Comme le rapportait Reuters dès lundi, l'exécutif européen a approuvé mardi sans condition l'opération de Deutsche Telekom aux Pays-Bas en estimant qu'elle n'aurait pas d'impact significatif sur les prix et la qualité de service pour les consommateurs néerlandais.

Cette décision est perçue comme un signal positif, comme en témoigne la hausse depuis lundi de l'indice sectoriel européen des télécoms, mais le marché néerlandais présente des caractéristiques particulières, ce qui rend difficile une interprétation générale pour l'ensemble du secteur en Europe.

Ce dernier est confronté à un cadre contraignant depuis que Margrethe Vestager, la commissaire européenne à la Concurrence, a bloqué en 2015 la fusion des activités de Telia et Telenor au Danemark et, un an plus tard, l'OPA de 10,3 milliards de livres (11,65 milliards d'euros) de CK Hutchison Holdings sur O2 en Grande-Bretagne.

La Commission jugeait alors qu'une réduction de quatre à trois du nombre d'opérateurs dans un pays entraînerait des hausses de prix, freinerait le développement des infrastructures de réseau et nuirait à l'innovation.
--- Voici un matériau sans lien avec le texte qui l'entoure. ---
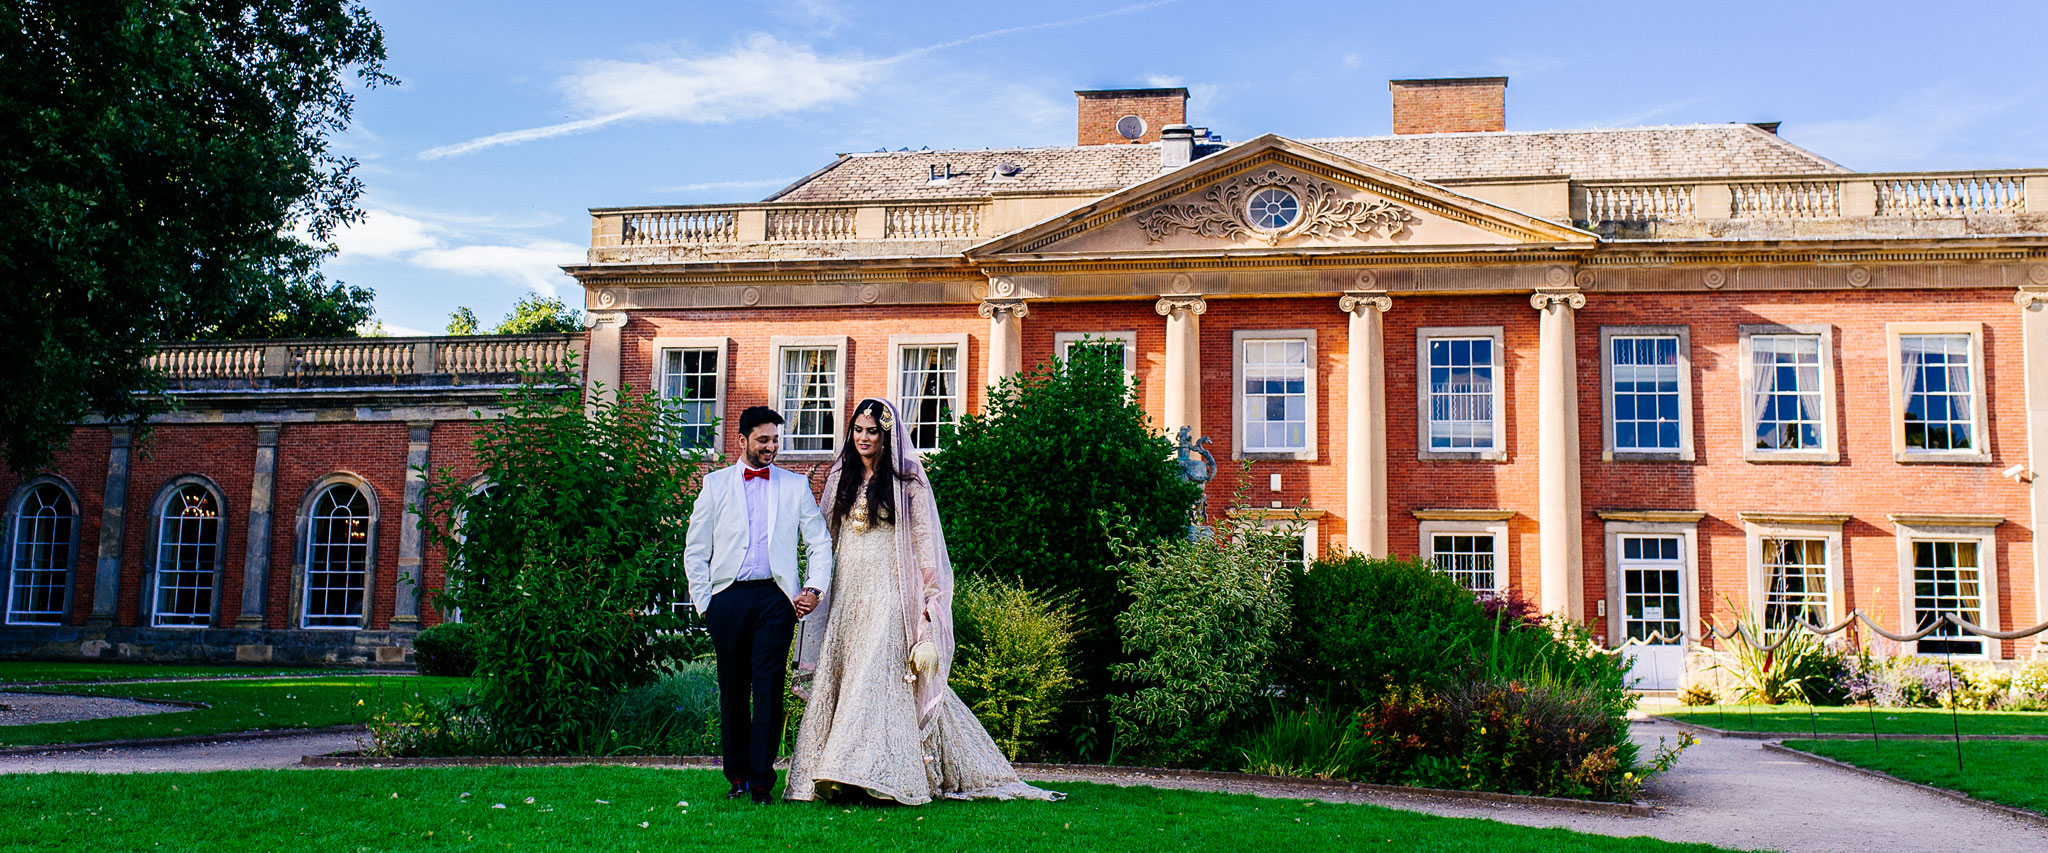 Colwick Hall Wedding – Yasmin and Tausif’s Wallima

Pour obtenir le feu vert à une fusion, les opérateurs ont donc souvent été contraints de renforcer un concurrent plus petit ou de favoriser l'émergence d'un nouvel acteur.

TELE2 MENAÇAIT DE FERMER SES ACTIVITÉS AUX PAYS-BAS

Une approche plus souple des autorités européennes serait certainement une bonne nouvelle pour le secteur, dit Ameet Patel, de Northern Trust Capital Markets.

"Si (et pour le moment, c'est toujours un si) il y a un changement en ce qui concerne la position de l'UE sur la consolidation des opérateurs télécoms, cela ne pourrait pas arriver à un meilleur moment, au regard des dépenses pour les fréquences sur la 5G et son déploiement", juge-t-il.

"Laisser cette consolidation se faire est une manière évidente d'inciter les opérateurs télécoms à investir suffisamment pour être en phase avec le basculement du monde vers la 5G", ajoute-t-il.

"Le marché cible qui vient immédiatement à l'esprit, c'est la France. Parmi les autres, on pourrait citer le Royaume-Uni, la Suisse et l'Espagne."

Dans une note, Barclays écrit pour sa part que l'Europe pourrait connaître une vague de fusions et acquisitions après l'accord entre Deutsche Telekom et Tele2.

"Cela pourrait amener certains acteurs plus petits sur plusieurs marchés où il existe quatre opérateurs de téléphonie mobile à envisager de nouveau une consolidation (Royaume-Uni, Espagne et Italie). La France est également un marché sur lequel une consolidation pourrait avoir lieu", pense la banque.

HSBC estime pour sa part qu'il convient de rester prudent car l'opération en cours aux Pays-Bas présente des caractéristiques qu'on ne retrouve pas forcément ailleurs.

Société Générale invite également à la prudence en relevant que les arguments avancés par Tele2 concernant ses activités aux Pays-Bas pourraient ne pas être valables dans d'autres pays.

"La menace (de Tele2) de mettre un terme à ses activités pourrait avoir assoupli la position de l'UE puisque le nombre d'opérateurs serait inévitablement tombé à trois", écrit la banque française dans une note.

"Si cette décision (de l'UE) est liée sans la moindre équivoque à la non-viabilité des activités néerlandaises de Tele2, nous doutons que cela puisse avoir un impact sur le long terme sur les fondamentaux du secteur", poursuit la banque.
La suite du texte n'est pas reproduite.